Note on Linux Support:
This library attempts to send an "unprivileged" ping via UDP. On linux, this must be enabled by setting

sudo sysctl -w net.ipv4.ping_group_range="0 2147483647"
If you do not wish to do this, you can set pinger.SetPrivileged(true) and use setcap to allow your binary using go-ping to bind to raw sockets (or just run as super-user):

setcap cap_net_raw=+ep /bin/go-ping

I quickly verified that NET_RAW capability was already granted to the container (it was) and that the issue was net.ipv4.ping_group_range was not set to 0 2147483647 (it was set to 1 0).

I don't know if anyone else has run into this problem yet, but this threw me for a loop and I think some better/corrected documentation in the docker-compose.yml and Wiki needs to be made.
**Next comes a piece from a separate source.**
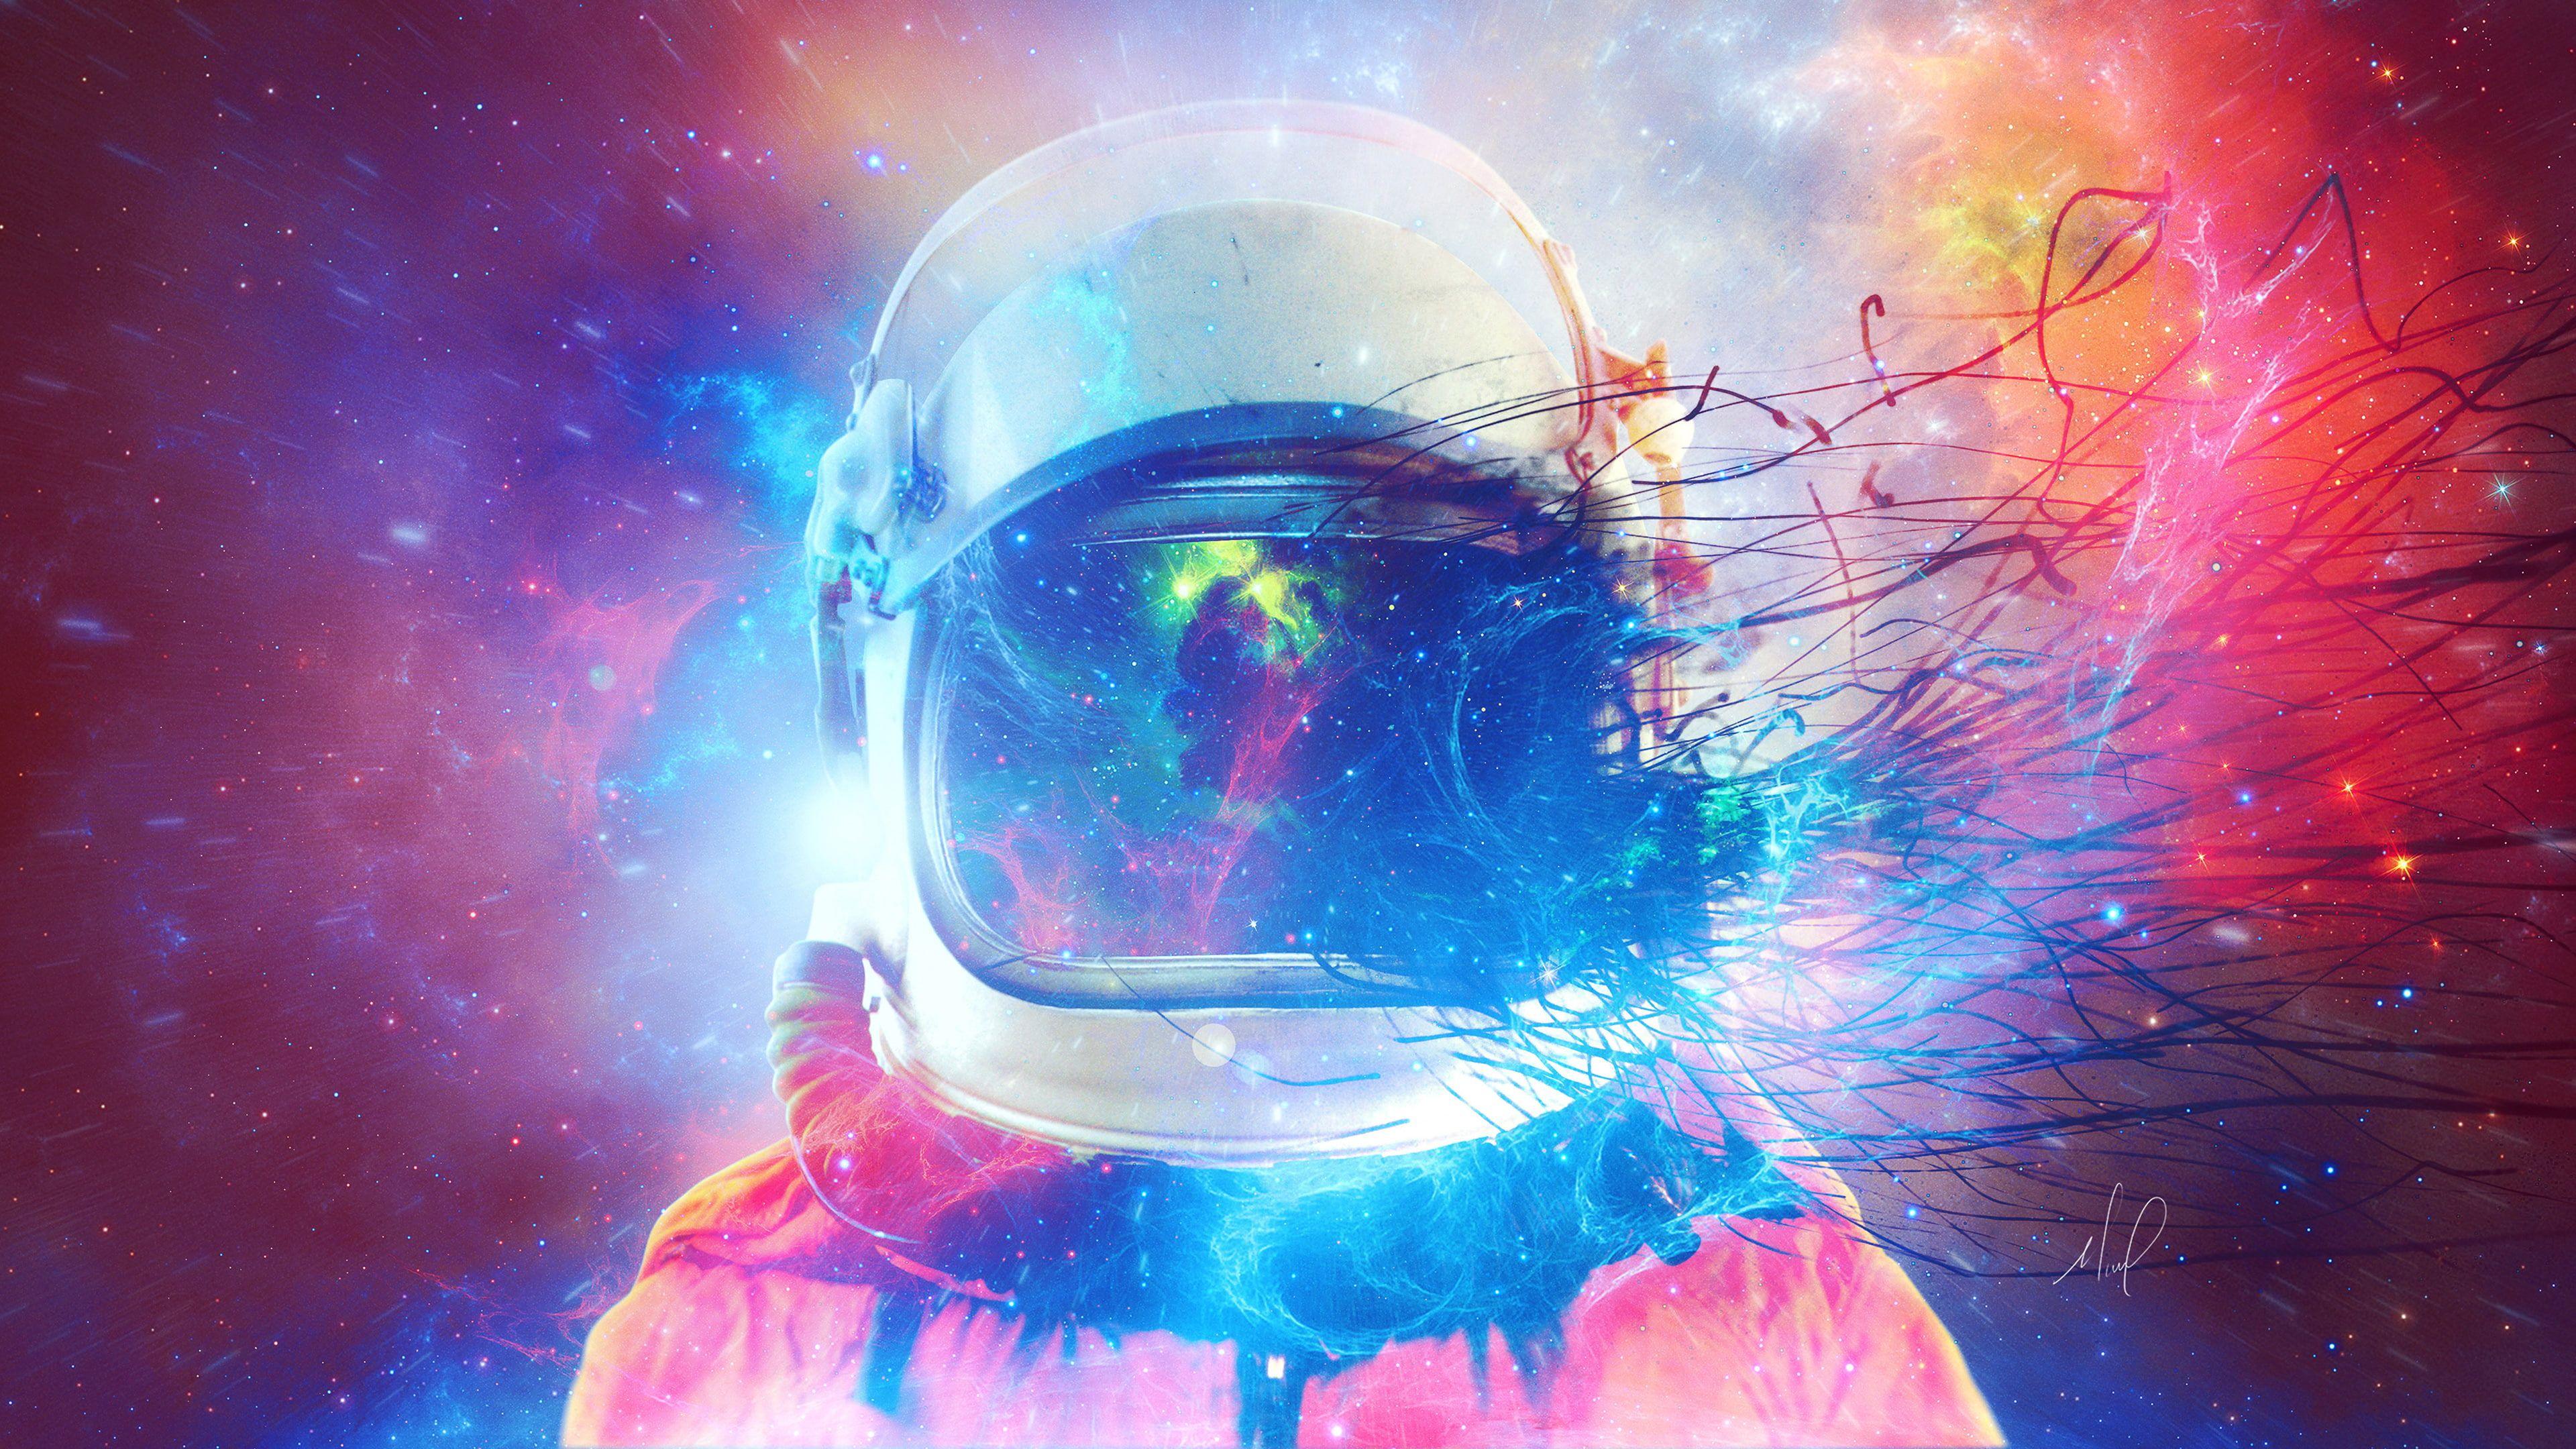 Astronaut Dream 4k Dream Astronaut 4k Wallpaper Hdwallpaper Desktop In 2020 Cartoon Wallpaper Hd Anime Wallpaper Cartoon Wallpaper

I'll submit proposed changes shortly for that.

However, my question is this: is a behavior modification for UpSnap a good idea?

If a container is running rootless, but it has the proper NET_RAW capability, then UpSnap shouldn't be attempting to use an unprivileged UDP ping which may or may not require additional user action (either I have to sudo sysctl -w net.ipv4.ping_group_range="0 2147483647" on the host, or else I have to counterintuitively set UPSNAP_PING_PRIVILEGED=TRUE)

It seems there should be a better way to do this.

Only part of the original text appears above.